Осенью, неделя за неделей, мать консервировала фрукты. К концу, сезона погреб был сплошь заставлен. Спустишься вниз и, кроме больших стеклянных банок с яйцами, видишь глиняные горшки с абрикосовым вареньем, апельсиновым, малиновым и черничным джемом, яблочным желе, — все что душе угодно. Еще здесь были крутые яйца в свекольном соку, маринованные огурцы, соленые вишни и соус чили. В октябре в погреб спускали три или четыре тяжелых фруктовых кекса, черных и влажных, начиненных лимоном и орехами. Их обертывали мокрыми тряпками, ставили в самый прохладный угол и держали до рождества.
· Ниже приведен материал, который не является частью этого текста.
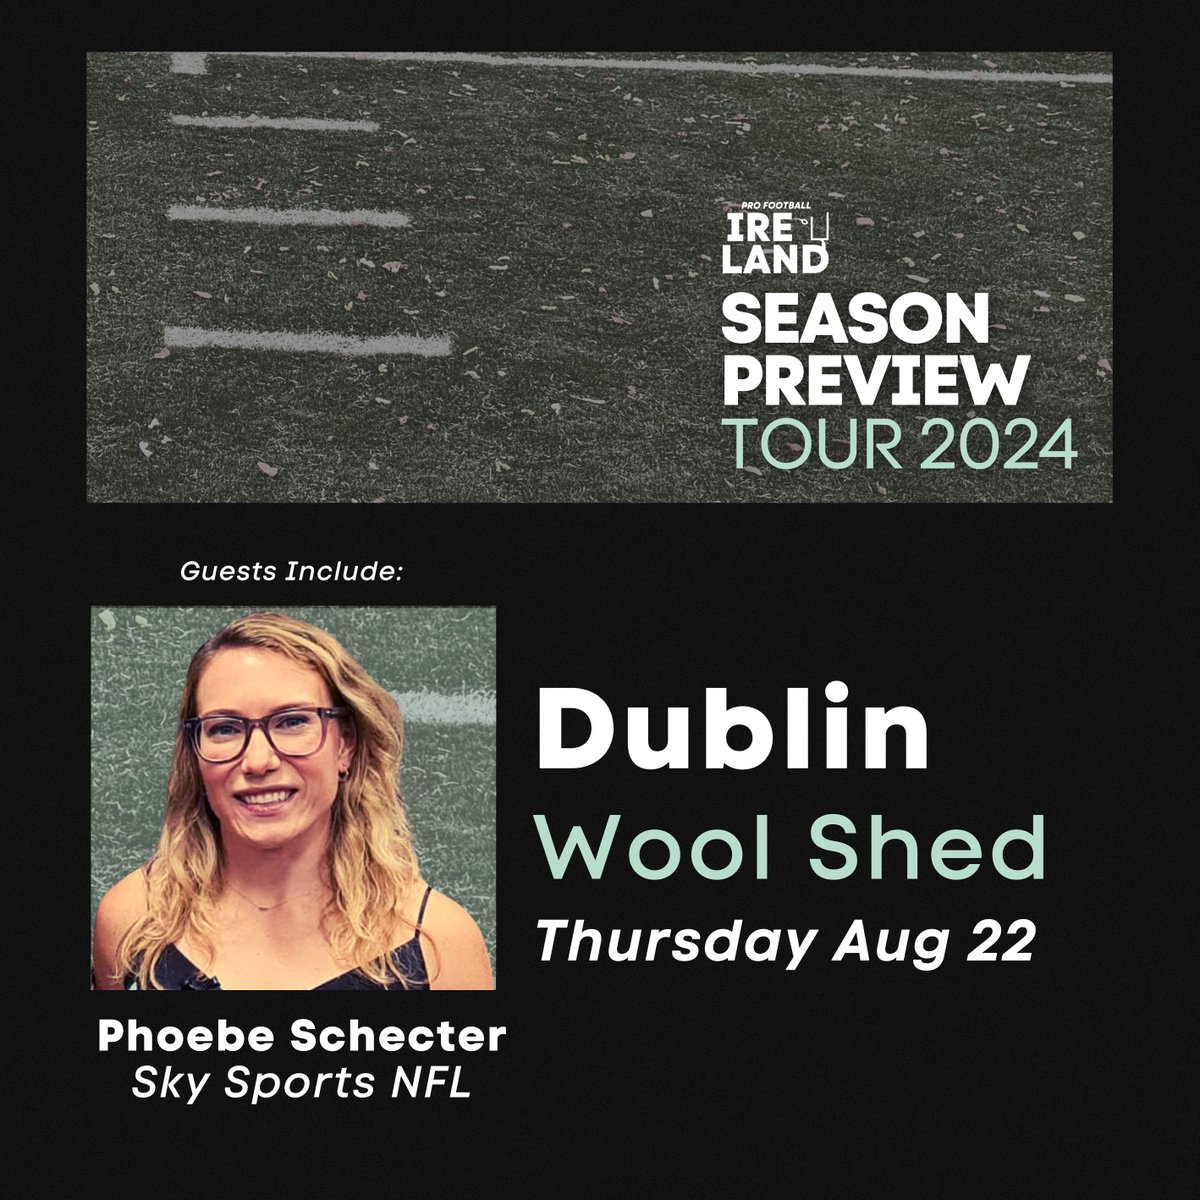 NFL fans in DUBLIN! We are down to our last 17 tickets for @Phoebe_Schecter on Aug 22 - our big Season Preview night at @woolshedbaa! Additional guests TBA! Tickets: linktr.ee/nflireland

Всего этого у них было вдоволь, и все-таки отец был неудачником. Он не умел зарабатывать деньги. Иногда даже разговаривал об этом с матерью. Вот, дескать, один из здешних уехал в Калифорнию и нажился на скупке и продаже недвижимости. Другой тоже уехал, устроился на работу в большой обувной магазин, дослужился до управляющего и разбогател. Все, кто уезжали в Калифорнию, добивались своего. А отец, живший в Шейл-Сити, так и оставался неудачником.
Было трудно понять, почему отцу так крупно не везло. Он был добряк и честный человек. Его дети росли дружно, всегда у них была отличная еда, вкусная и обильная.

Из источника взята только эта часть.